I cried like a baby for hours and wandered in the streets not able to do anything or to decide where to go. One part of me was relieved that I wasn't making things up, that the abuse was real. But some other part didn't want it to be real and wanted a possibility that things were fixable. The T told me: you could still love her forever, a lot, but just know you can't live with her.

There is still, as you said, a part that says "this person doesn't know her/him like I do". But then, our level of confusion during these times, it doesn't let us think straight and use that information we know. So you have to take what you know, what people who love you say, what people far from the action think, what a professional says... .And try to make sense of all. And you are doing it in your weakest moment, so it's nothing easy.

Do you think he knows how much he is making you suffer? Do you think that responsibility might push him away further? Do you feel pressured to make a decision? Is it posible to decide to accept it is over but that you would give him another chance in the future, in your terms?
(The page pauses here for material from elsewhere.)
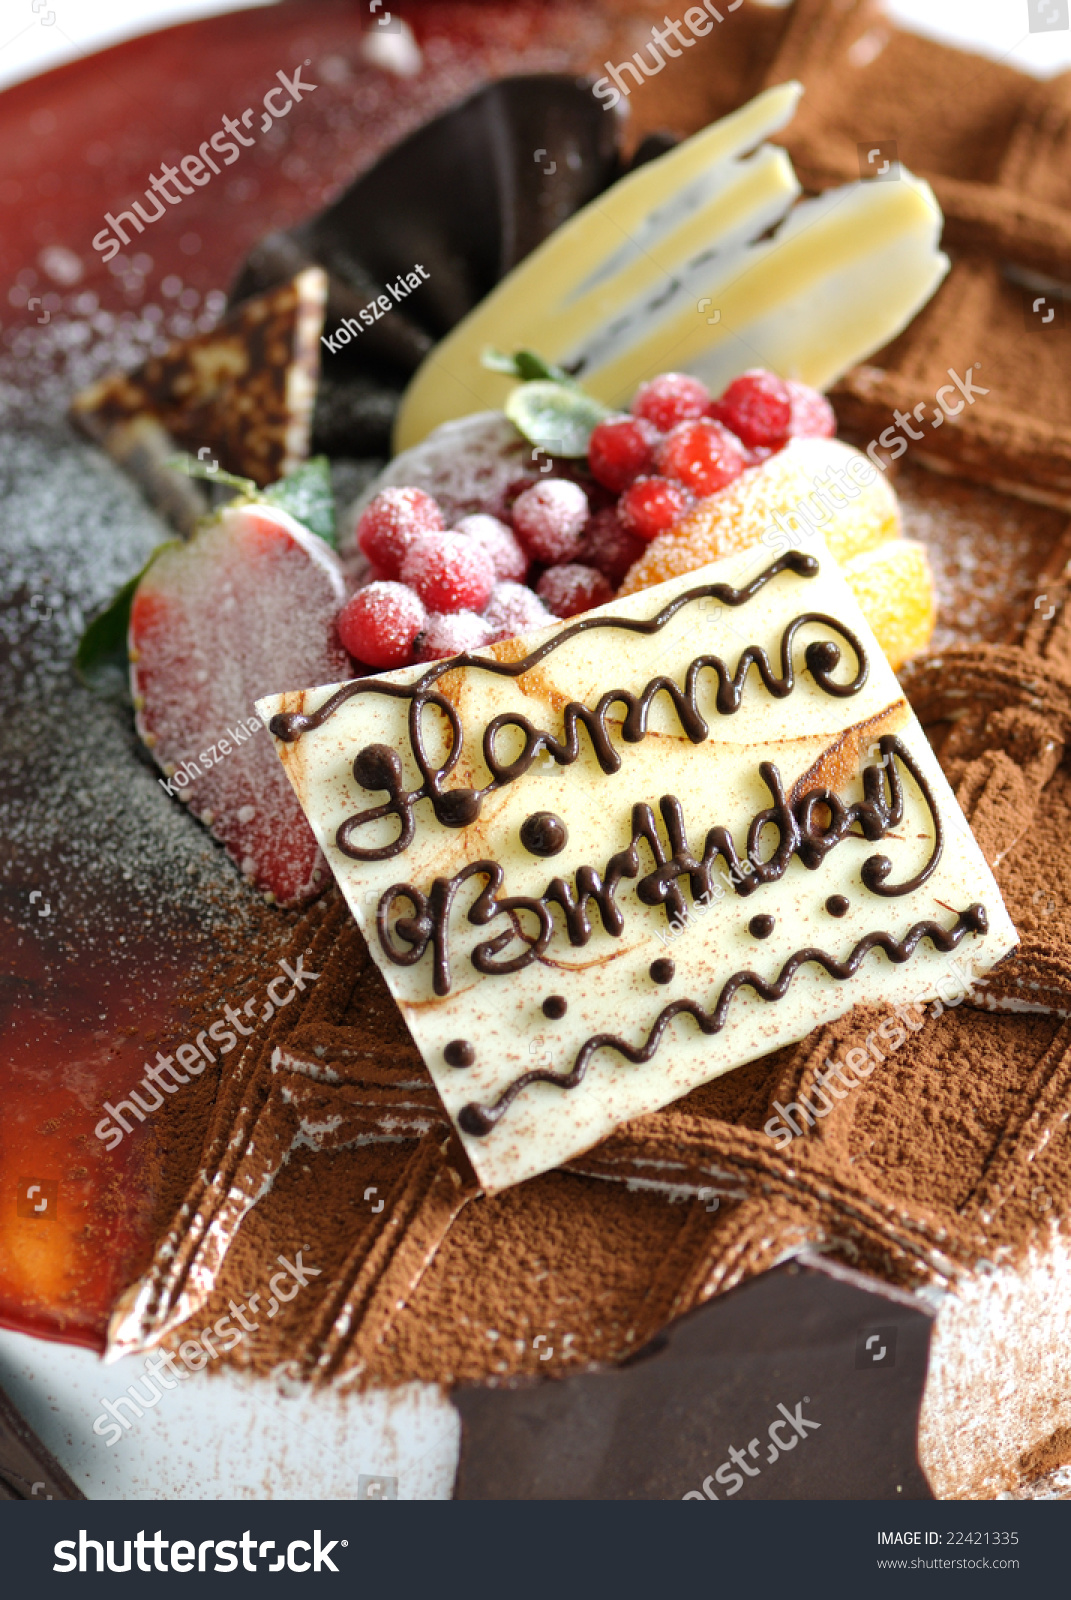 Birthday Cake Fruit Toppings Stock Photo Royalty Free 22421335
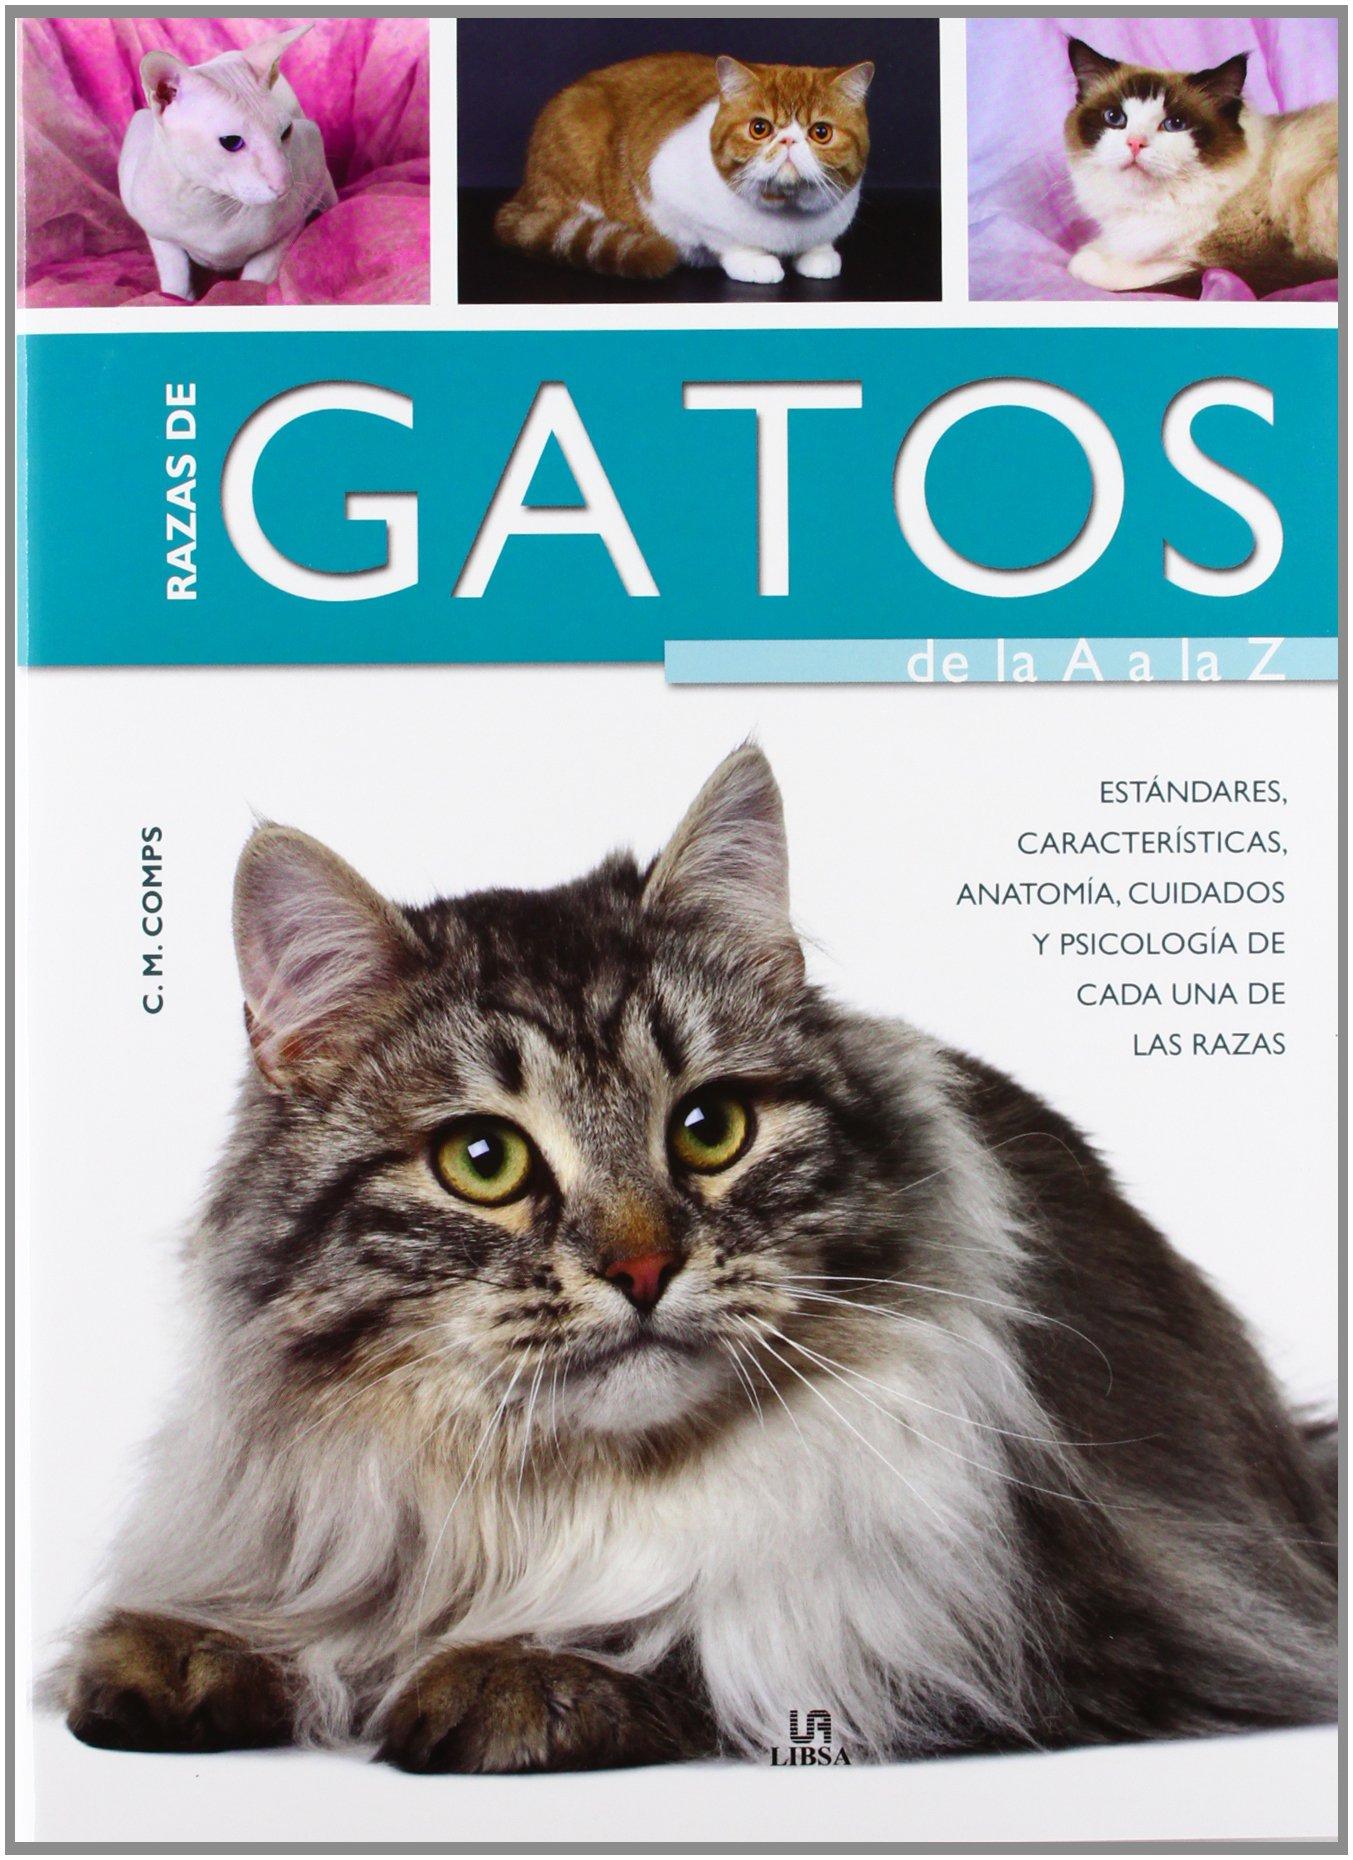 Razas de Gatos de la A a la Z: Características, Estándares ...

If you can work on yourself and go on with your life, first it will be very hard, and you won't believe you could be motivated to be happy again. But life does go on, and one day you realize you are not a crying mess anymore. Along the way you can realize you don't need him, or even anybody, or you can meet someone... .The worse that can happen is that you go back to feeling like you do now. If during this he begs you to take him back, you'll be able to think about it from a new position of strength, not neediness, not custom or attachment. You need to find yourself again as an individual, not half a couple, and then decide as an individual what you do want.

I was with my ex 16 years, all my adult life. She had been my first and only girlfriend. So of course I thought it would be forever, and I couldn't picture my life without her. 4 years later I still feel lost some days, and wonder "what did I do?" I used to make sense of life as half of a team. Now I think about it as a new life. A different one. Things were kind of predictable before, and I could have lived that 40 more years, but I've been given the chance to live another life in my time. I lived that one, and now I'm living another life. I can't compare the two lives, all I know for sure is that I know myself better.

If you are meant to be together, it will happen even if you try to focus on yourself for a while. That's what I can say to you. I hope it makes sense.